Беньямин приехал в Москву, чтобы свидеться со своей давней пассией, Асей Лацис, ставшей впоследствии театральным режиссером на своей родине, в Латвии. (В 1964 году меня познакомили с ней в редакции рижского еженедельника, посвященного проблемам культуры, который публиковал мои статьи о музыке; тогда я, разумеется, даже не слышал о трудах Беньямина.)
Любопытно, что в одной из первых записей своего ныне знаменитого “Московского дневника” Беньямин фиксирует историю сталинской санкции на постановку “Дней Турбиных” во МХАТе в октябре 1926 года, пересказанную ему Асей Лацис. Она в то время вращалась в кругу “пролетарских” писателей, к Булгакову, как мы помним, относившихся крайне враждебно. Из ее пересказа явствует, что в этом кругу считали: разрешение на премьеру вымолил у Сталина Станиславский…

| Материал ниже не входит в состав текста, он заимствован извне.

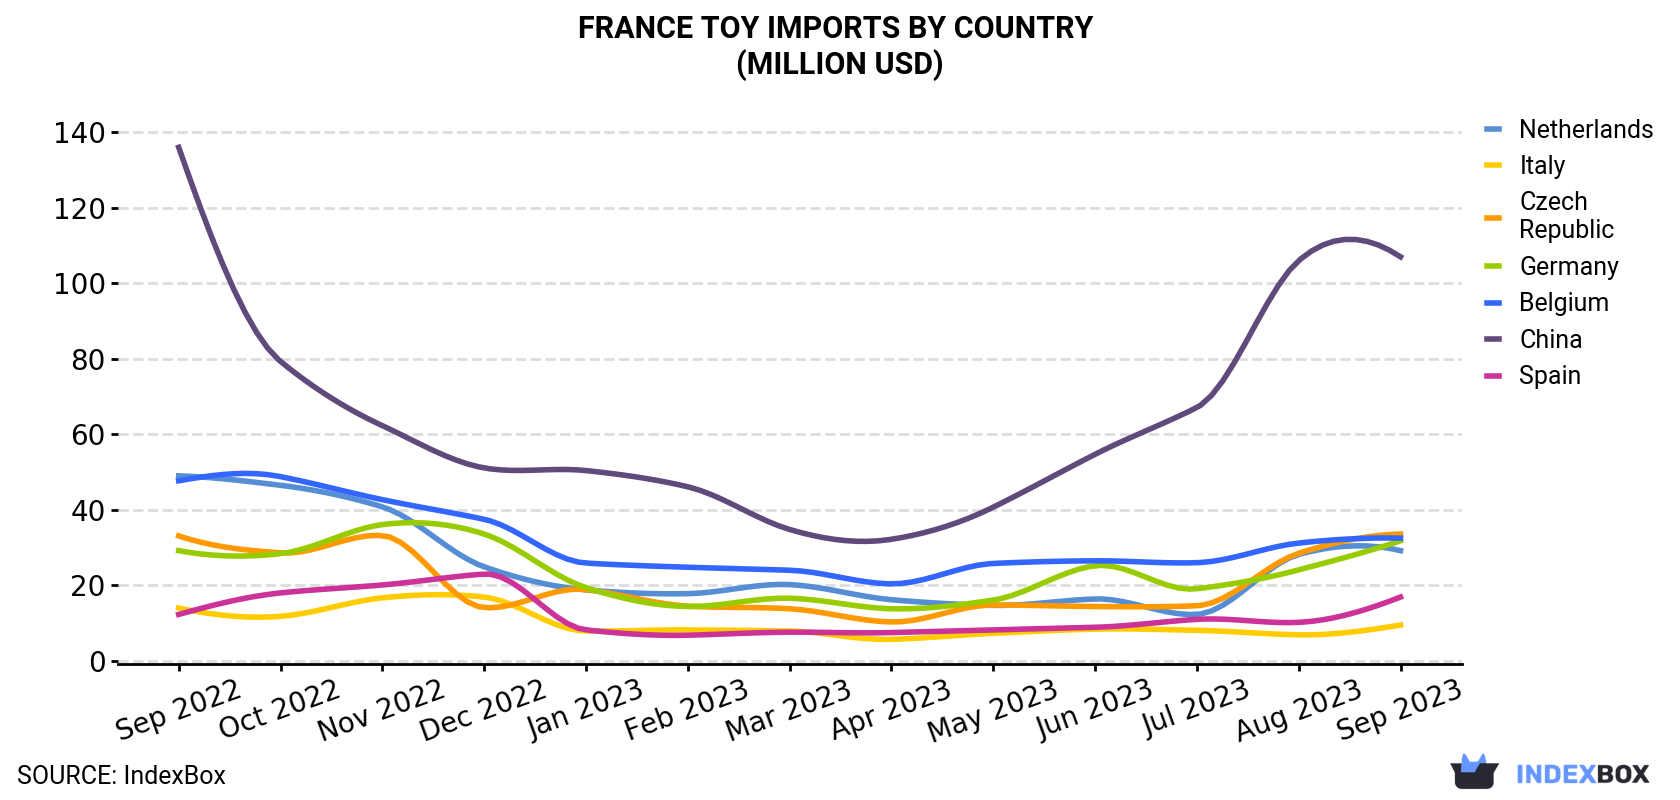 France Toy Imports By Country (Million USD)

Агностику Беньямину принадлежит любопытное замечание: “Мессия приходит не только как искупитель, но он приходит как победитель Антихриста”. В этой ремарке Беньямин, не читавший “Мастера и Маргариту”, словно суммирует философскую идею романа. Быть может, главной удачей Булгакова стало изображение конфронтации Иешуа и Воланда не как сражения двух символических фигур, а как схватки хорошо известных автору личностей.
В этом смысле особенно интересна эволюция образа Воланда. Из гротескного персонажа, задуманного как некий катализатор развития сюжета, он постепенно превращается в сложнейший, наиболее многозначный и тщательно прописанный характер романа.
Эпиграфом к “Мастеру и Маргарите” Булгаков взял самохарактеристику Мефистофеля из “Фауста” Гёте: “Я – часть той силы, что вечно хочет зла и вечно совершает благо”. В Советском Союзе в сталинские времена была знаменита надпись, которую вождь во время визита к Горькому сделал на его ранней поэме “Девушка и смерть”. Она гласила: “Эта штука сильнее, чем «Фауст» Гёте (любовь побеждает смерть)”.
При жизни Сталина этот странный панегирик принимали всерьез. Позднее возникла версия, по которой Сталин, будучи тогда, по воспоминаниям осведомленных современников, весьма навеселе, просто дурачился. Цену “Фаусту” он знал.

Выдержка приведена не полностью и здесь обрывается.